Step 1 and 2: Make a list of all .csv
files with _gm
suffix
my_files <- dir(here("data"), # specify file path
pattern = "*_gm.csv", # look for .csv files with _gm suffix
full.names = TRUE) # preserve file path
my_files
## [1] "/Users/meenakshikushwaha/Dropbox/R projects/github/CSTEP_R_course/data/china_gm.csv"
## [2] "/Users/meenakshikushwaha/Dropbox/R projects/github/CSTEP_R_course/data/india_gm.csv"
## [3] "/Users/meenakshikushwaha/Dropbox/R projects/github/CSTEP_R_course/data/japan_gm.csv"
## [4] "/Users/meenakshikushwaha/Dropbox/R projects/github/CSTEP_R_course/data/nepal_gm.csv"

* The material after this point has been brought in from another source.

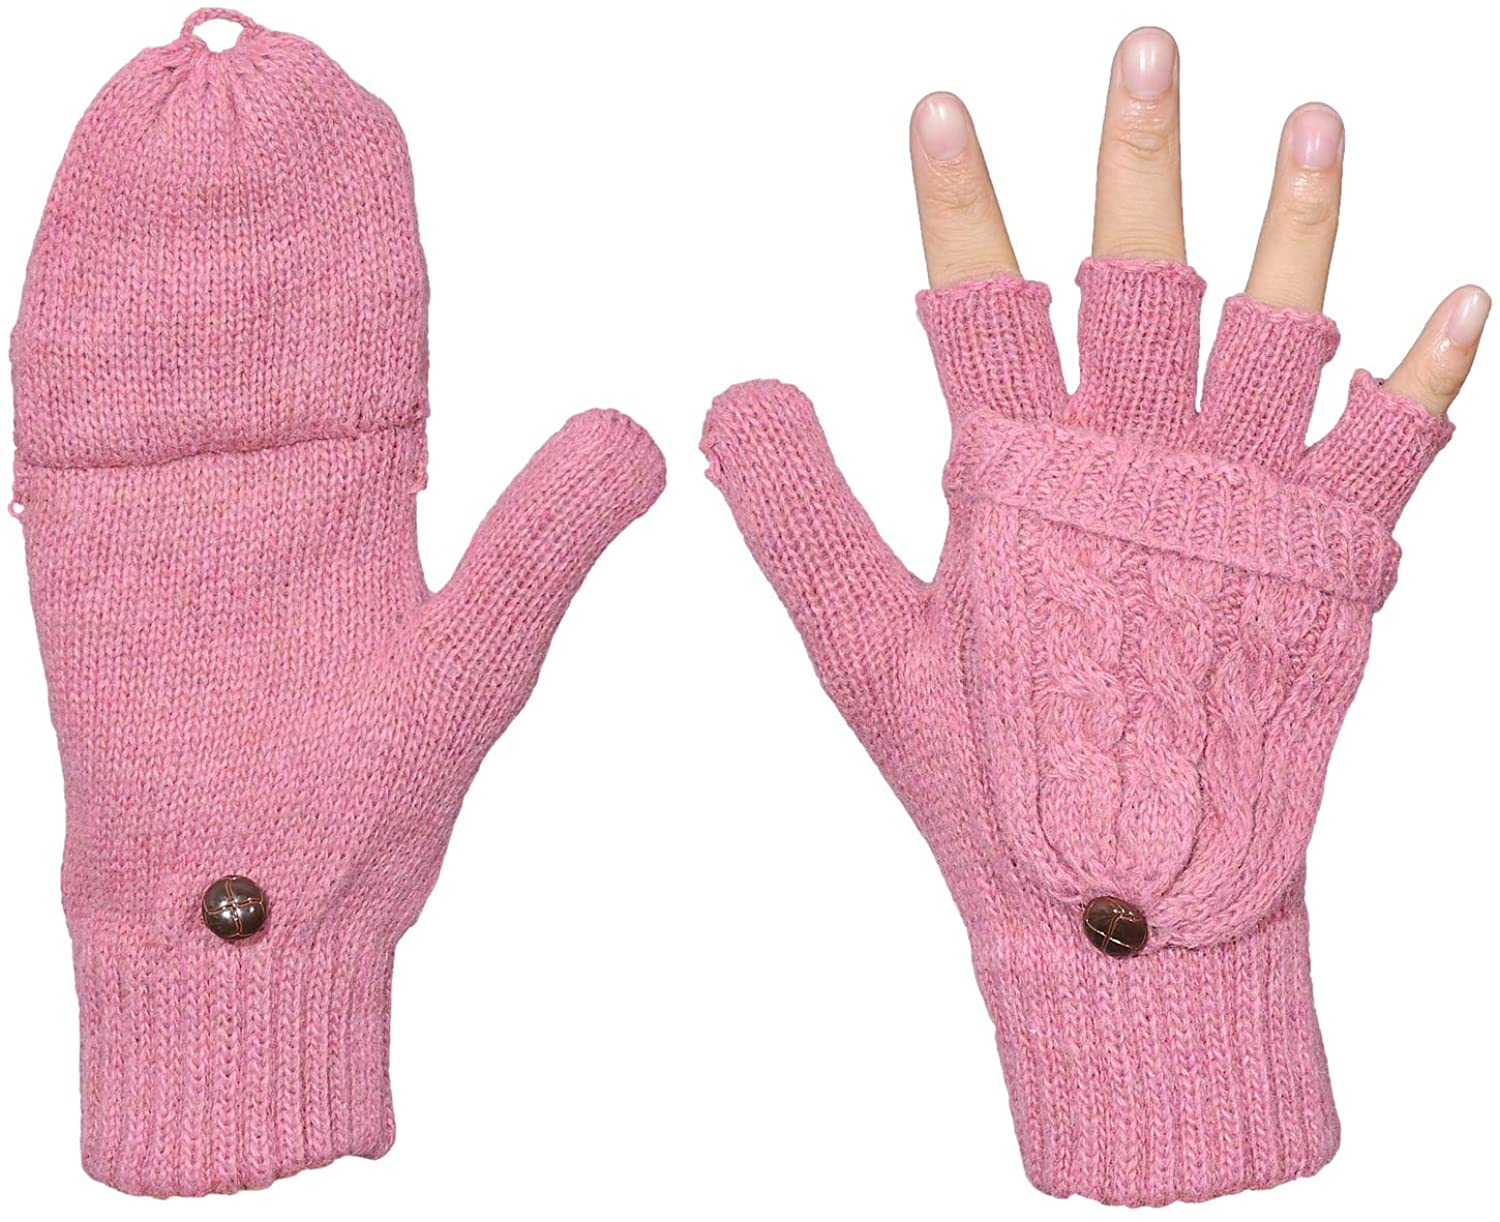 Women’s Winter Gloves Warm Wool Knitted Convertible Fingerless Mittens ...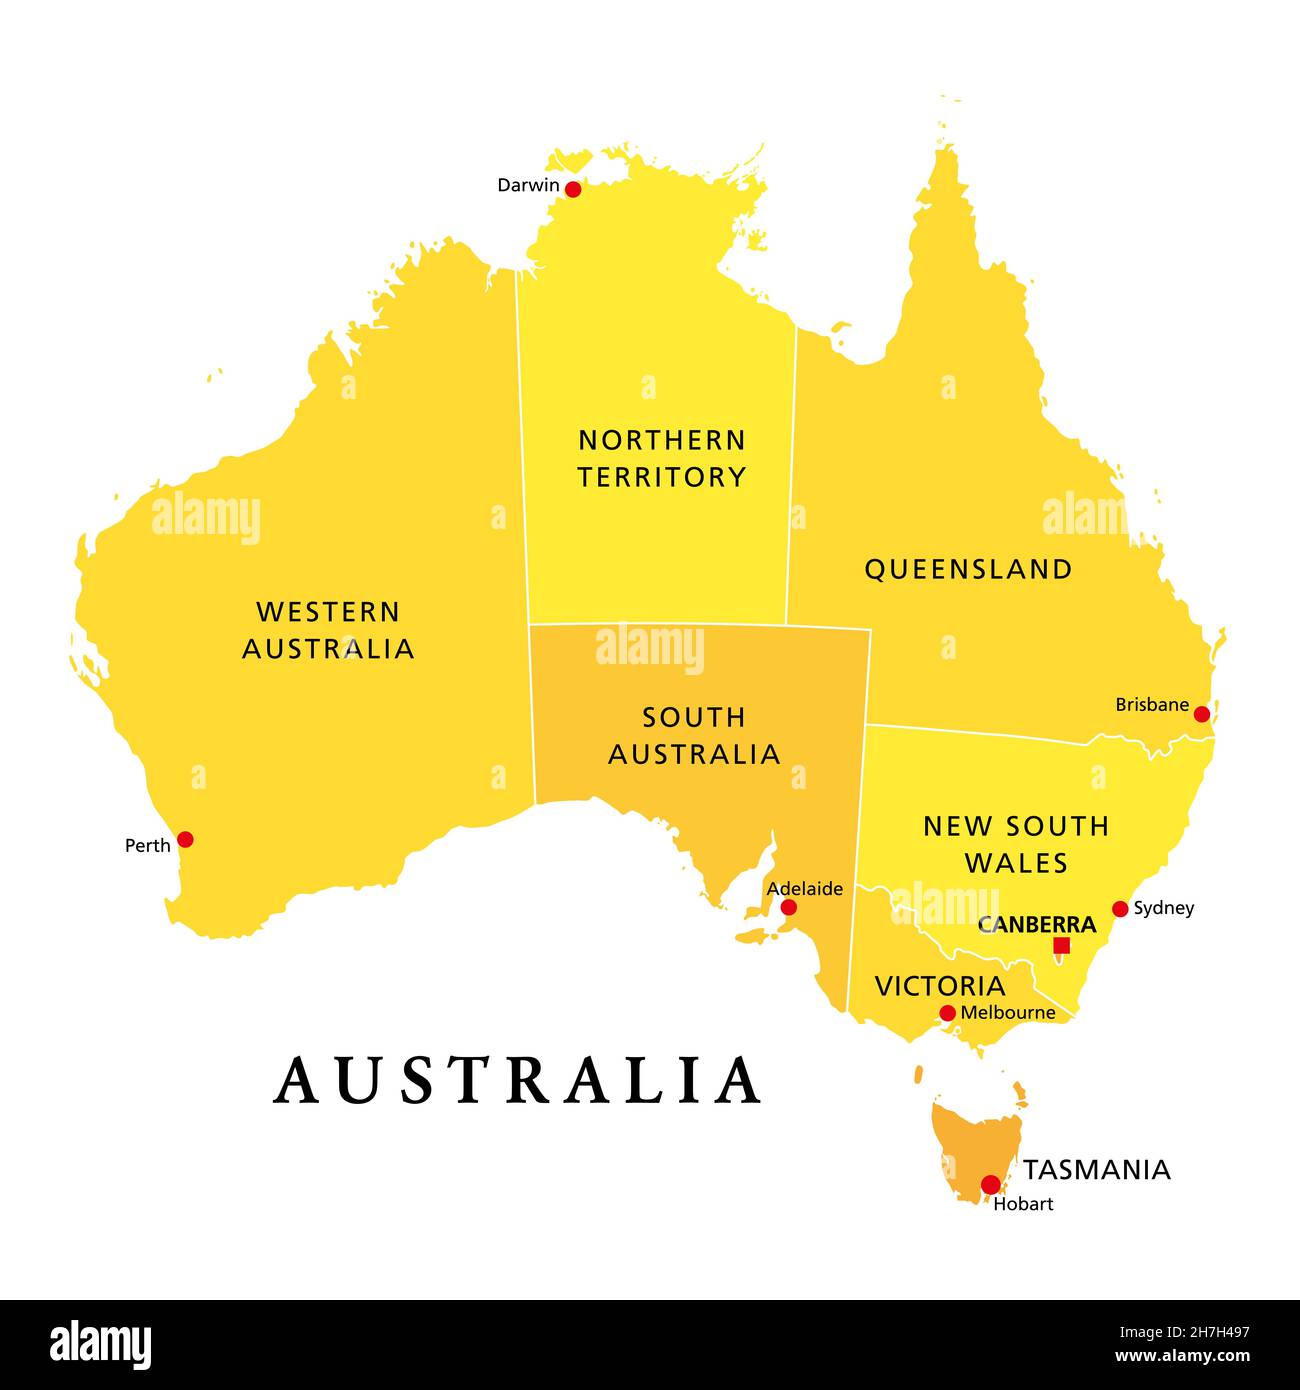 Australia, mapa político, con la capital Canberra, estados administrativos y territorios. El Commonwealth de Australia, un país y un continente. Foto de stock

Step 3: Read and combine all files using map_dfr()
my_df <- my_files %>%
map_dfr(read_csv)
my_df
## # A tibble: 16 × 6
## country continent year lifeExp pop gdpPercap
## <chr> <chr> <dbl> <dbl> <dbl> <dbl>
## 1 China Asia 1952 44 556263527 400.
## 2 China Asia 1957 50.5 637408000 576.
## 3 China Asia 1962 44.5 665770000 488.
## 4 China Asia 1967 58.4 754550000 613.
## 5 India Asia 1952 37.4 372000000 547.
## 6 India Asia 1957 40.2 409000000 590.
## 7 India Asia 1962 43.6 454000000 658.
## 8 India Asia 1967 47.2 506000000 701.
## 9 Japan Asia 1952 63.0 86459025 3217.
## 10 Japan Asia 1957 65.5 91563009 4318.
## 11 Japan Asia 1962 68.7 95831757 6577.
## 12 Japan Asia 1967 71.4 100825279 9848.
## 13 Nepal Asia 1952 36.2 9182536 546.
## 14 Nepal Asia 1957 37.7 9682338 598.
## 15 Nepal Asia 1962 39.4 10332057 652.
## 16 Nepal Asia 1967 41.5 11261690 676.